In FY 2006 and FY 2007, however, while policies to control costs remain a priority, state Medicaid programs have made more program investments than in previous years, and many states have adopted plans to expand or restore Medicaid eligibility. As the national economy has recovered from the severe economic downturn in 2001, state revenue growth has rebounded and for the first time since 1998, state revenue growth in FY 2006 exceeded total Medicaid spending growth. 6

In addition, studies have shown lately that Medicaid has been more effective than private health insurance at controlling costs and that costs per beneficiary have been rising less rapidly in Medicaid than in private insurance. 7 Medicaid spending growth slowed to near record lows in 2006, to an estimated national average of 2.8%. 8 Children in general-and particularly children in foster care-account for only a small portion of total Medicaid spending. In FY 2001, total Medicaid spending on children involved with child welfare agencies was approximately $3.7 billion, representing little more than 2% of the $180 billion of total Medicaid spending nationwide. 9

Importance of Medicaid for Abused and Neglected Children

Child welfare agencies are responsible for meeting the health and mental health needs of all children in state custody, and virtually all children in foster care are eligible for and obtain health care services through Medicaid. Other federal programs that support the child welfare system do not provide coverage for acute or long-term health services. 10 The need for comprehensive Medicaid coverage for this population of vulnerable children is particularly significant, as research has extensively documented that children in foster care have more health problems, especially mental health problems, than the general population of children from low-income families. 11

Children in foster care are at higher risk for having physical and mental health needs, stemming either from the maltreatment that led to their placement, or from preexisting health conditions and long-term service needs. 12 Exposure to domestic violence, abuse, substance abuse, neglect, homelessness, separation from family, and other traumas are just some of the many pressures children in the child welfare system face.

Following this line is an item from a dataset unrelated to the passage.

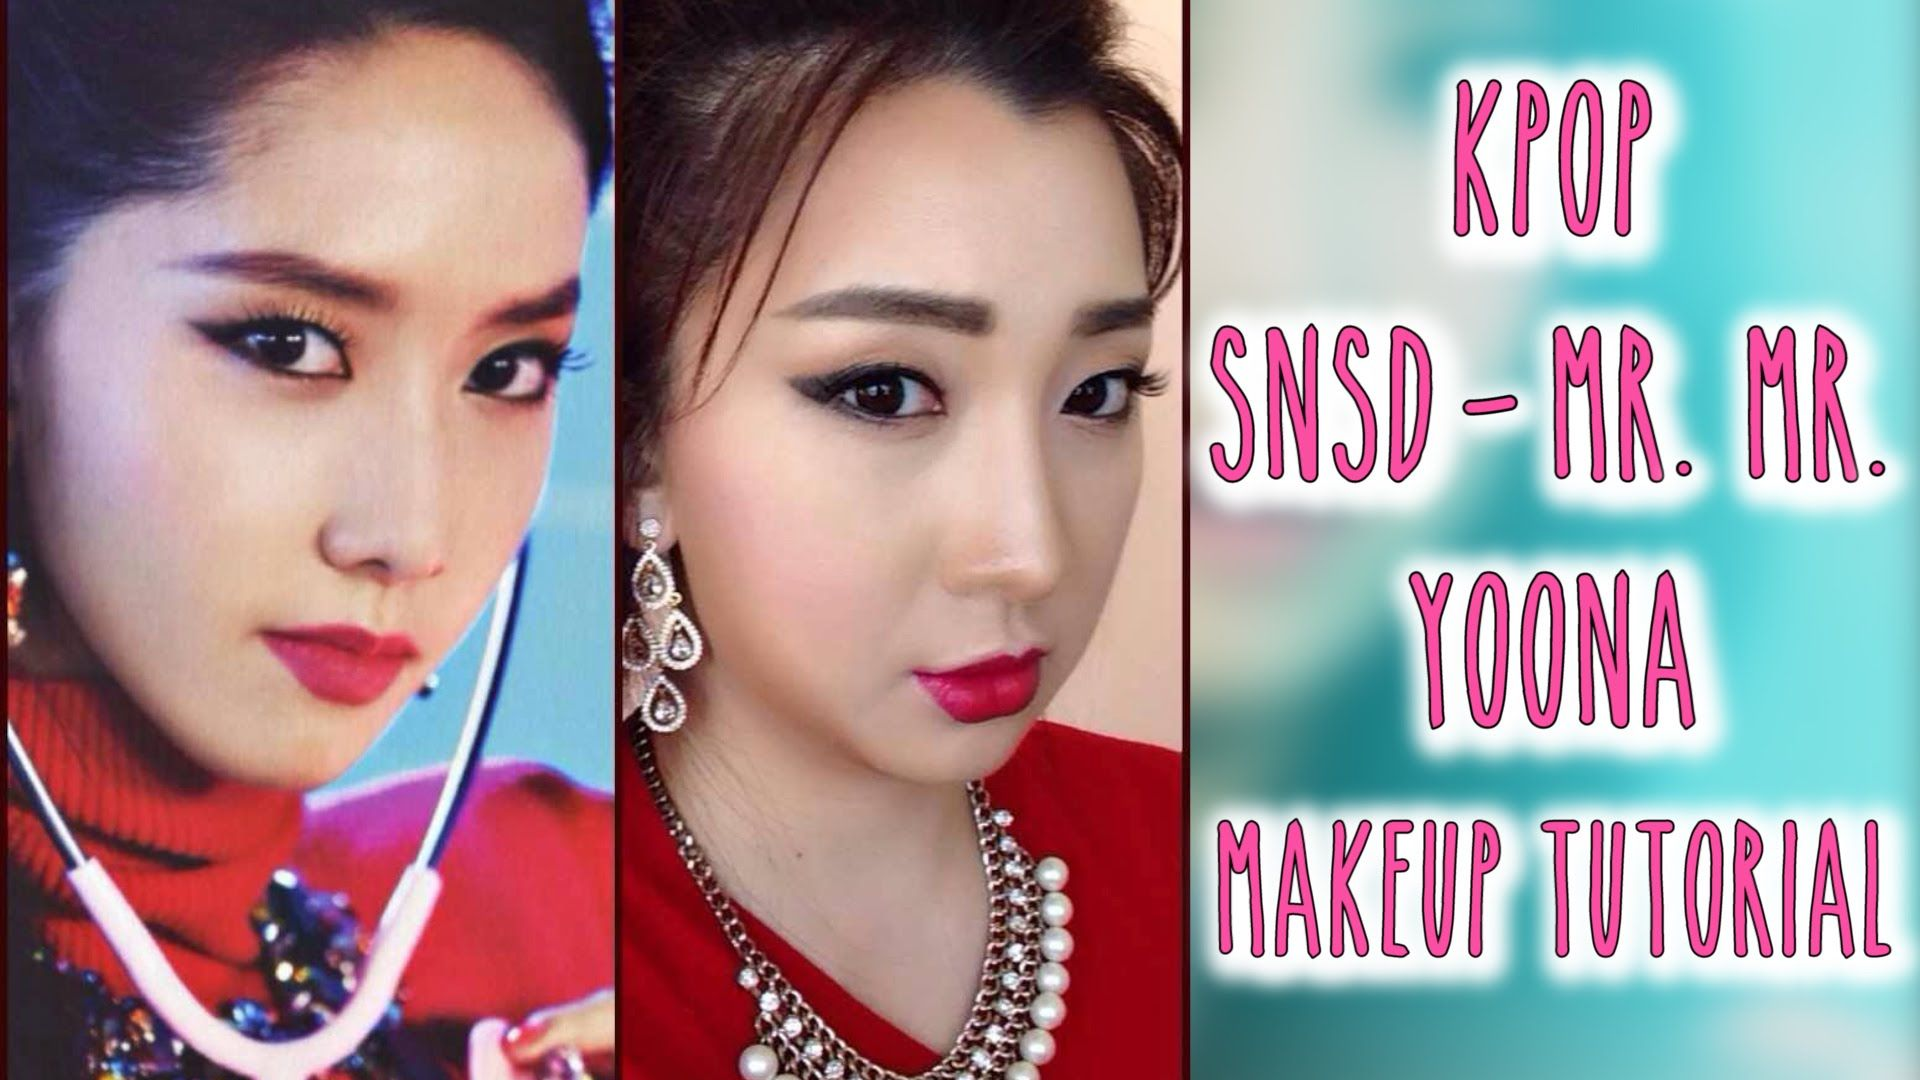 Girls Generation Snsd Mr Mr Yoona Kpop Makeup Tutorial Kpop Makeup Tutorial Makeup Tutorial Beauty Hacks Acne

Previous studies have found that up to 80% of youth involved with child welfare agencies suffer from emotional or behavioral disorders, developmental delays, or other issues requiring mental health intervention. 13 This is striking when compared to the general population of youth in which a mental health diagnosis is present only 20% of the time. 14 One major study found that half of all adults who had been placed in foster care as children experience serious mental health problems into adulthood, and one-quarter suffer from post-traumatic stress disorder. 15

In addition to relying on Medicaid for a broad range of acute and long-term health services, children in foster care differ from other children because of their greater need for mental health and disability-related services. 16 Beyond funding the direct provision of basic physical health care services, Medicaid currently allows many states to provide critical rehabilitative, therapeutic, psychiatric, and targeted case management (TCM) services to children in foster care. Such funding is essential for the child welfare system to ensure children in foster care receive the necessary physical and mental health supports while in protective custody.

A 2005 Urban Institute report documented the role of Medicaid for children in foster care. Using available data from FY 2001, the report documents that nearly 870,000 children were enrolled in Medicaid due to their status as a foster child. Per capita spending for children in foster care during that same year was $4,336 per child-more than three times the per capita spending on children without disabilities receiving Medicaid.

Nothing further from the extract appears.